***** Dataset excerpt

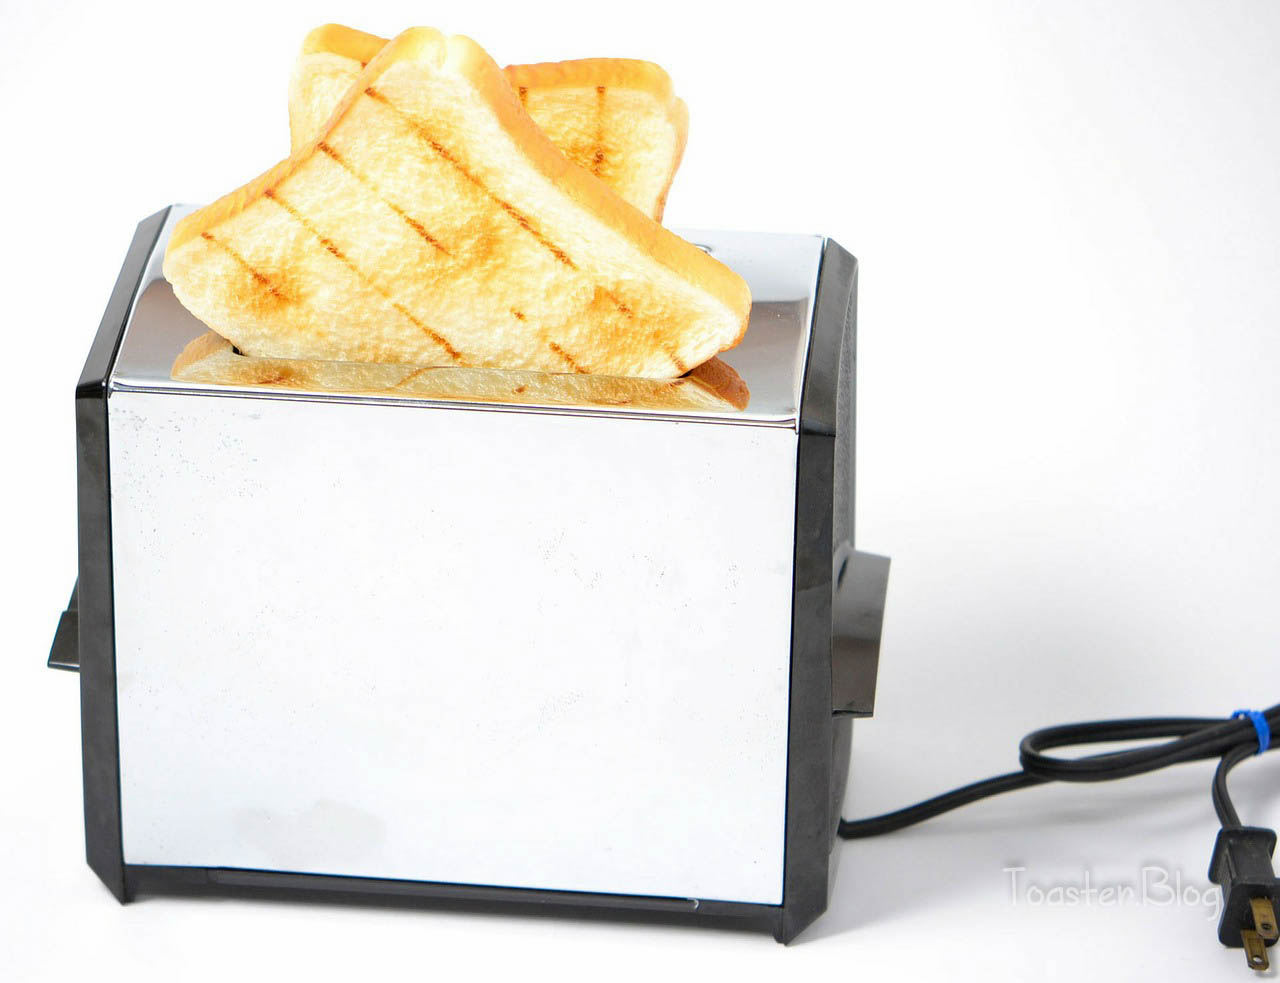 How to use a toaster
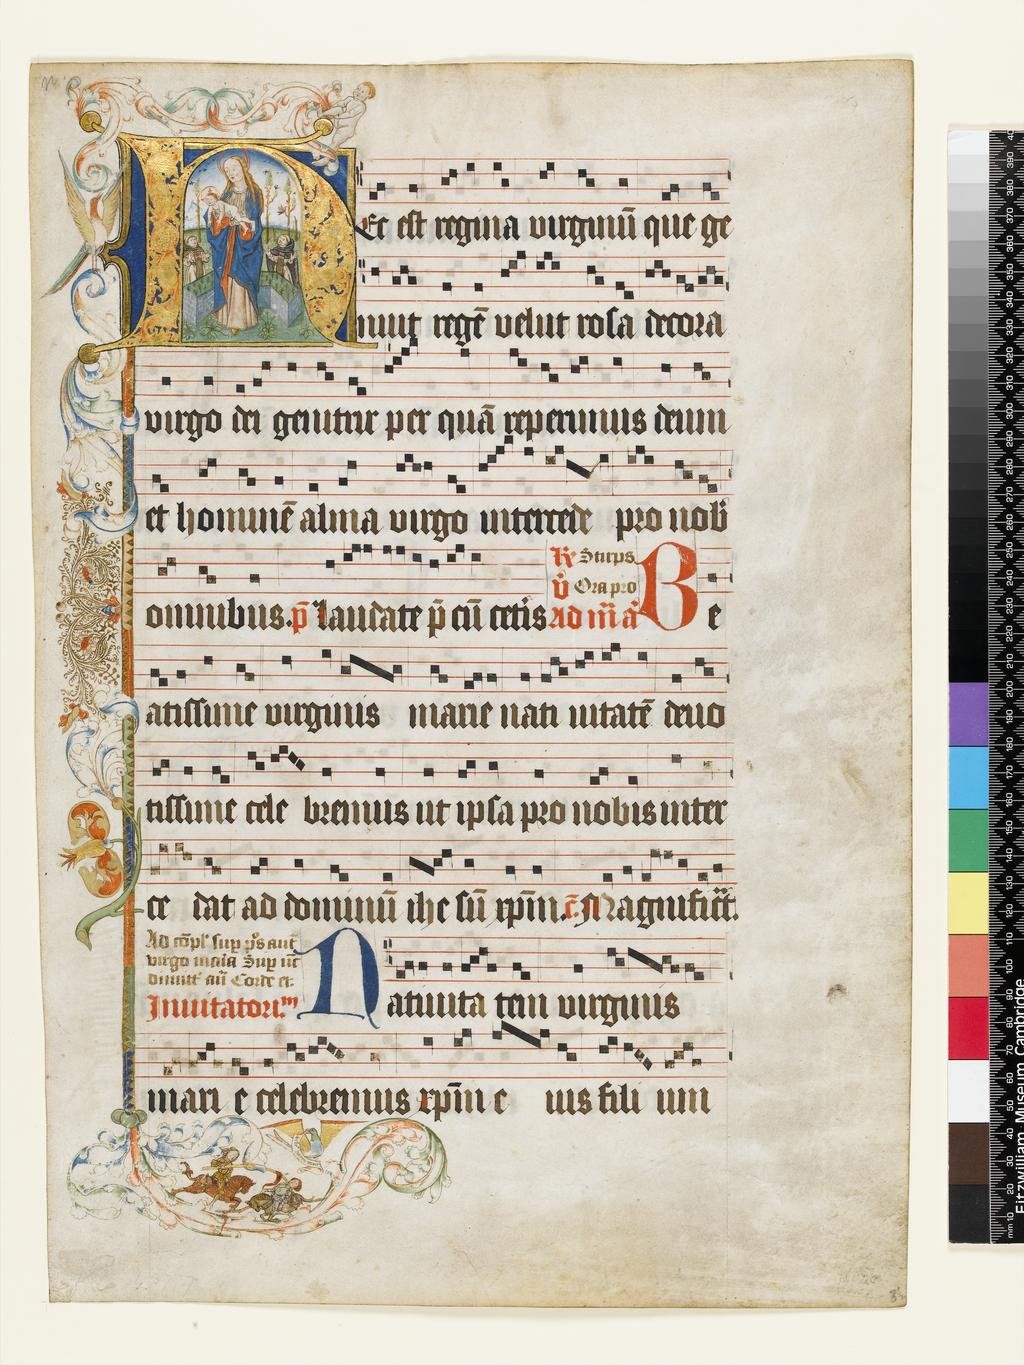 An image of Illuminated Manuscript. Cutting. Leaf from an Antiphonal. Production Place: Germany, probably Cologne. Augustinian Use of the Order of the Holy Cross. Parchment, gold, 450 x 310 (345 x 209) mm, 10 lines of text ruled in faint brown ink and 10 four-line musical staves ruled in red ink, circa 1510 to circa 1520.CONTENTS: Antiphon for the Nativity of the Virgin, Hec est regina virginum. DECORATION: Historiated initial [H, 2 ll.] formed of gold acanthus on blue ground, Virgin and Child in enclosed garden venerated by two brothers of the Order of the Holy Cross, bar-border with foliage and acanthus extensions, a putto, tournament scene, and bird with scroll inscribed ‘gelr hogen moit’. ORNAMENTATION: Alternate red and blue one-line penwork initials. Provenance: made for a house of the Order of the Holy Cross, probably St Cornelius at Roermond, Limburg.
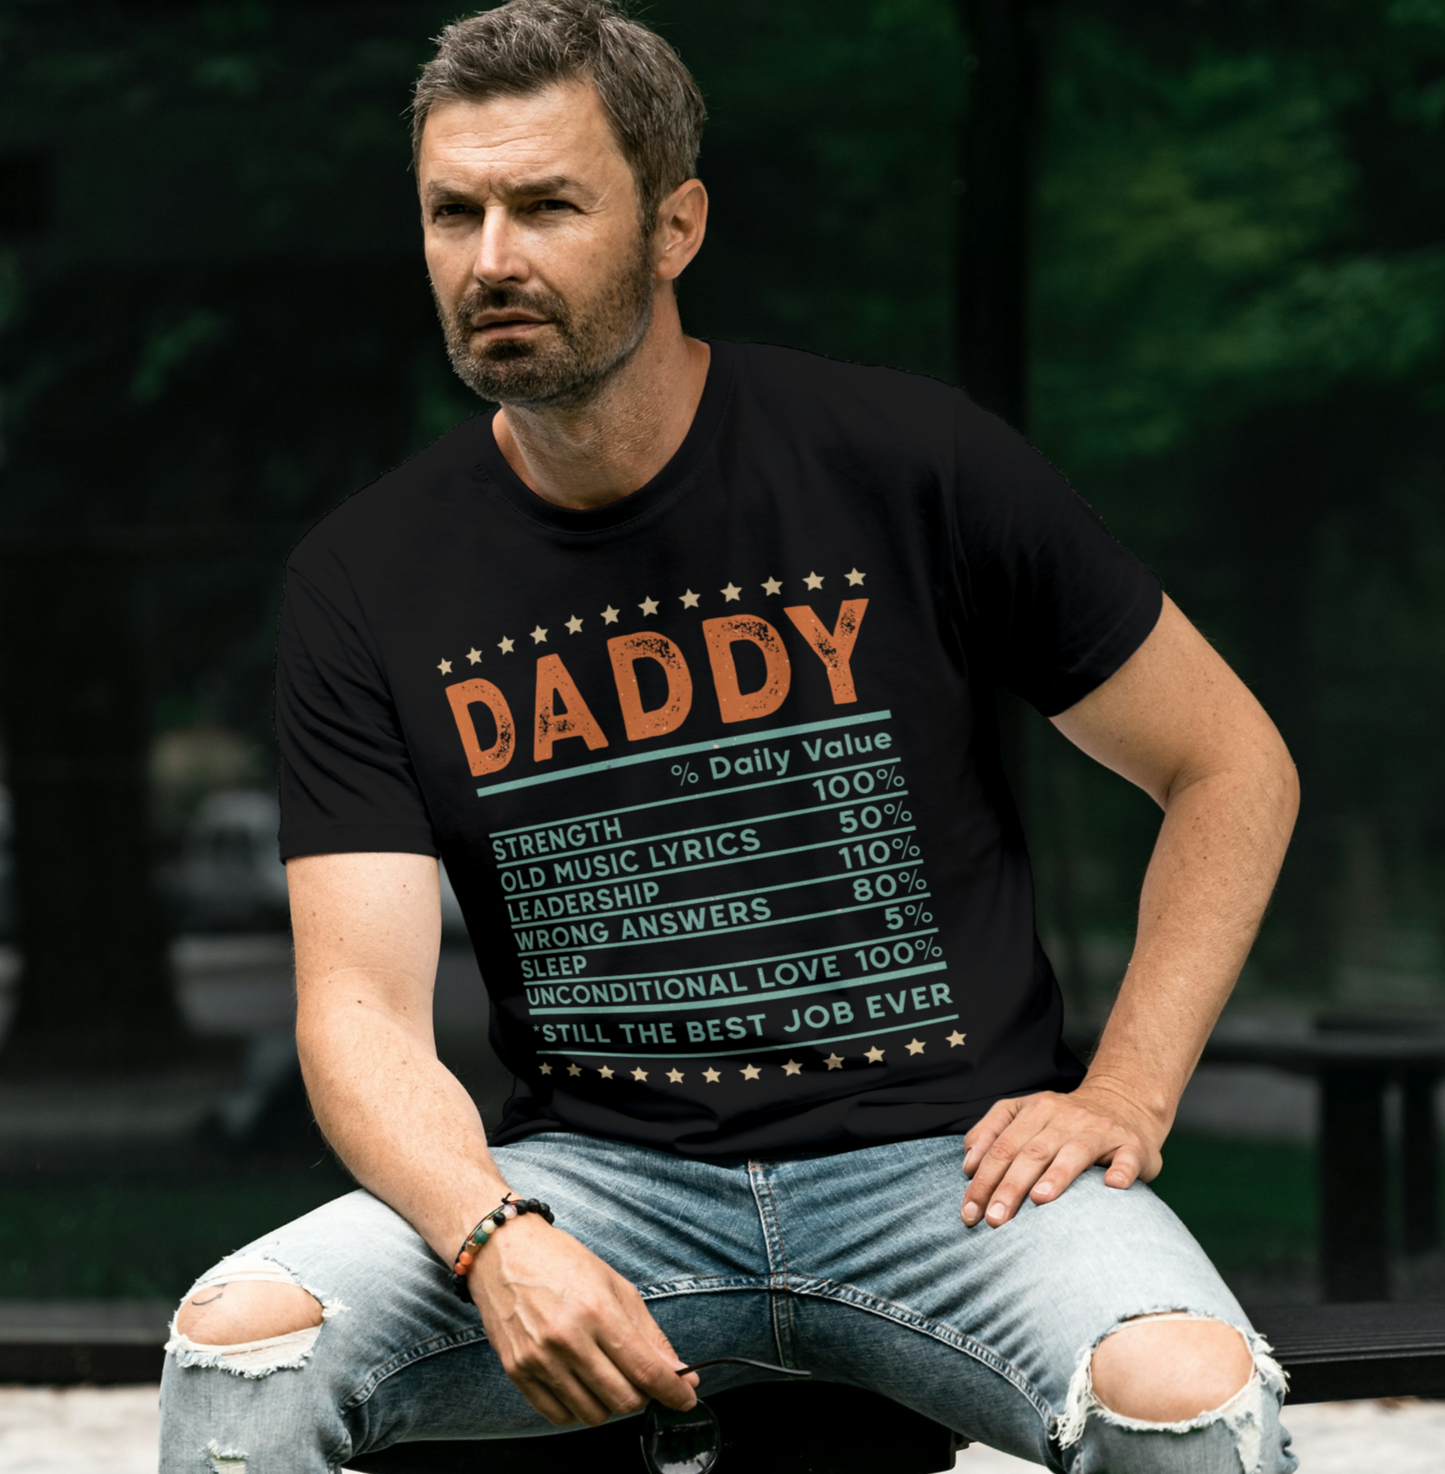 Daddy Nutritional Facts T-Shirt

**********

What the task asks - Nothing but the lines from the one that contains "An image of" through the last line of the material should be written out, exactly. Omit pictures.

Task output -
 An image of Illuminated Manuscript. Cutting. Leaf from an Antiphonal. Production Place: Germany, probably Cologne. Augustinian Use of the Order of the Holy Cross. Parchment, gold, 450 x 310 (345 x 209) mm, 10 lines of text ruled in faint brown ink and 10 four-line musical staves ruled in red ink, circa 1510 to circa 1520.CONTENTS: Antiphon for the Nativity of the Virgin, Hec est regina virginum. DECORATION: Historiated initial [H, 2 ll.] formed of gold acanthus on blue ground, Virgin and Child in enclosed garden venerated by two brothers of the Order of the Holy Cross, bar-border with foliage and acanthus extensions, a putto, tournament scene, and bird with scroll inscribed ‘gelr hogen moit’. ORNAMENTATION: Alternate red and blue one-line penwork initials. Provenance: made for a house of the Order of the Holy Cross, probably St Cornelius at Roermond, Limburg.
 Daddy Nutritional Facts T-Shirt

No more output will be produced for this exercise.